Выпустив штурвал, Саша бросается к двери, распахивает ее и напряженно прислушивается. Ничего, кроме шума крови в ушах, дробного перестука зубов, ударов сердца,
– Витька!
– орет он, охваченный страхом, и, боясь, что его не услышат, толкает дверь кубрика.
– Витька-а!
Из кубрика дохнуло теплом. Кто-то отозвался из темноты, и у Саши отлегло от сердца. Когда на палубу вышел заспанный Виктор, Саша уже стоял у штурвала.
– Что случилось?
– спросил Виктор встревоженно.
– Страшно,- признался Саша.- Побудь со мной. Поговорим…
Виктор вгляделся в обострившееся, обросшее грязной щетиной лицо друга, поймал его напряженный взгляд и молча закрыл за собой дверь рубки.
– Тишина,- объяснил Саша.
– Проклятая тишина…
– Тебе не угодишь,- добродушно ворчит Виктор.
– Тихо, спокойно, попутный ветерок… Какого рая тебе еще надо?
Улыбка осветила измученное лицо Саши.
– Говори, говори, Витя. Хоть ругай меня, хоть как, только говори. Понимаешь, нервы!
Виктор молчал. Он еще сбрасывал с себя сонную хмурь.
– А я все мечтал капитаном стать, человеком,- продолжал Саша,- водить океанские суда… Огромные суда под нашим флагом. Идешь куда-нибудь в иностранный порт, а тебя издалека видят, красный флаг на клотике, как солнце, поднимается из-за горизонта, у причалов тьма народу. Мне лоцманов шлют, а я в любой порт сам захожу, я лоции все на зубок знаю…
– Ты и будешь капитаном.

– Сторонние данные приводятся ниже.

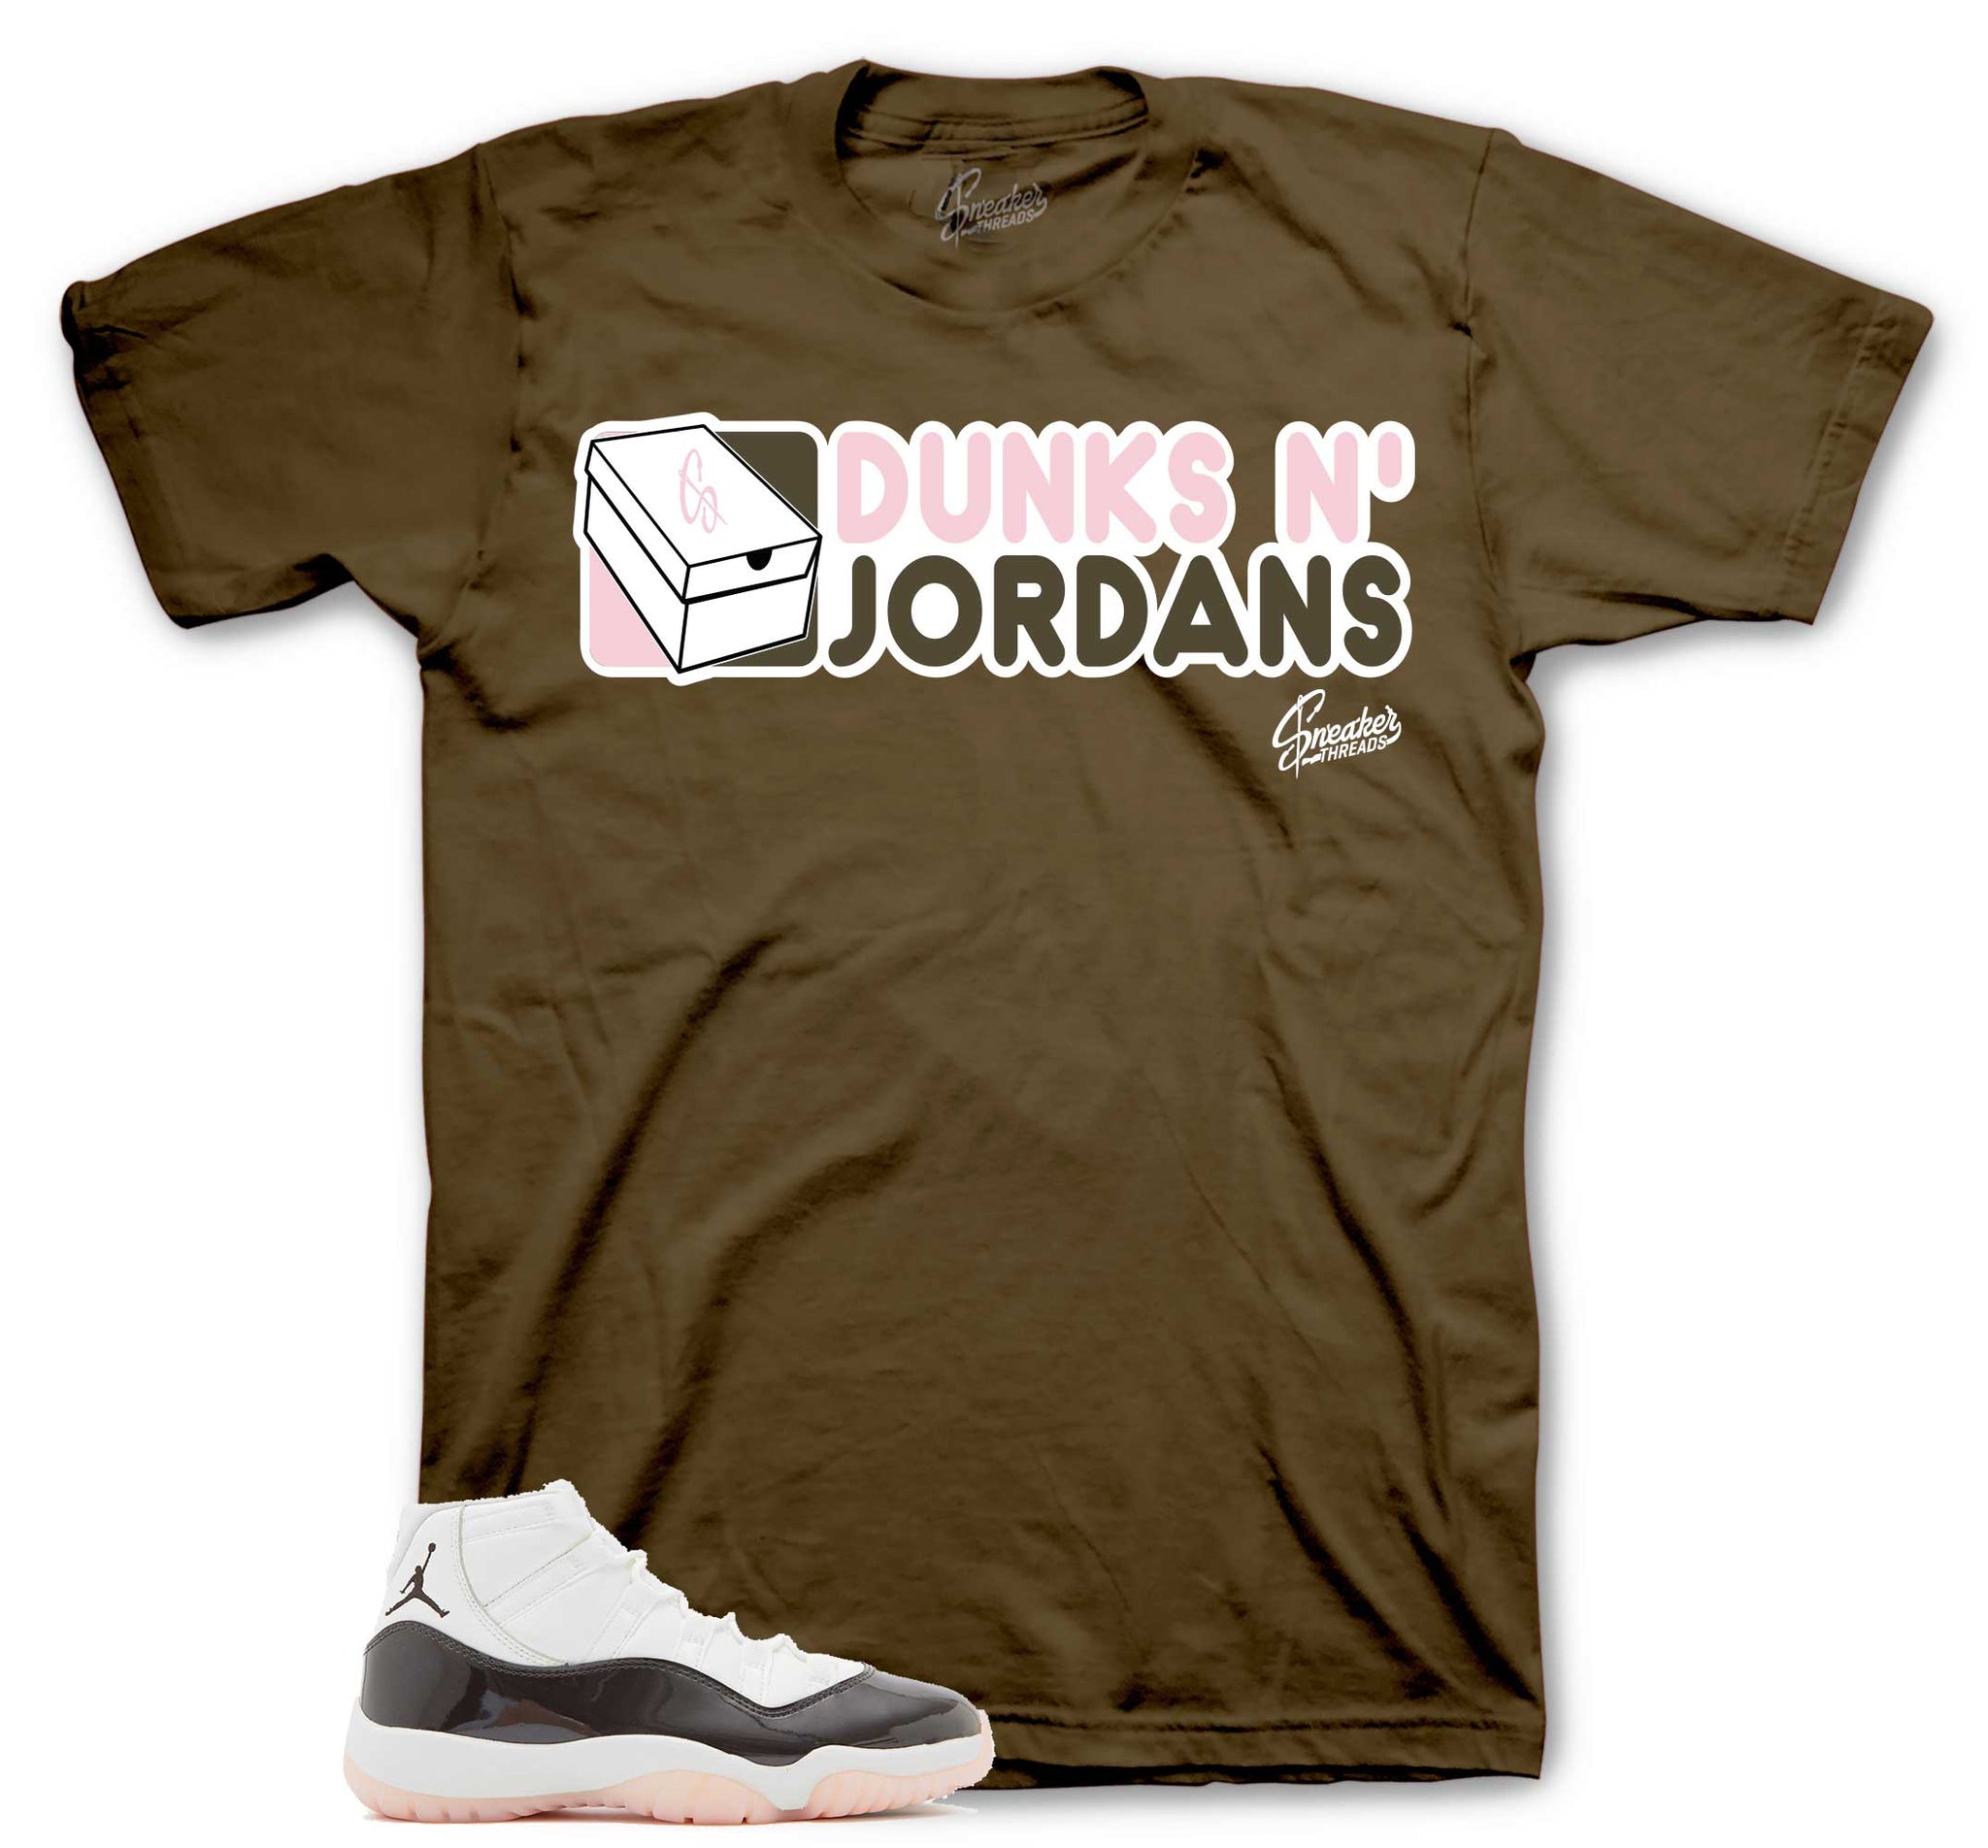 Dunks N Jordans T-Shirt - Retro 11 Neapolitan Shirt

Выучишься, ты же любишь это дело.
– Люблю, только видишь, какая с нами…, петрушка… Тут бы того не позабыть, чему раньше учили…
– Говорят, для памяти сладкое нужно,- оживился Виктор.
– Не поберегли мы сахар…
– Чего захотел!
– Помнишь, мы мороженых баранов с рефрижератора сгружали,- мечтательно говорит Виктор.- Трап крутой, градусов на сорок пять, а я взвалю на плечи две туши и бегом, бегом… Теперь не осилю.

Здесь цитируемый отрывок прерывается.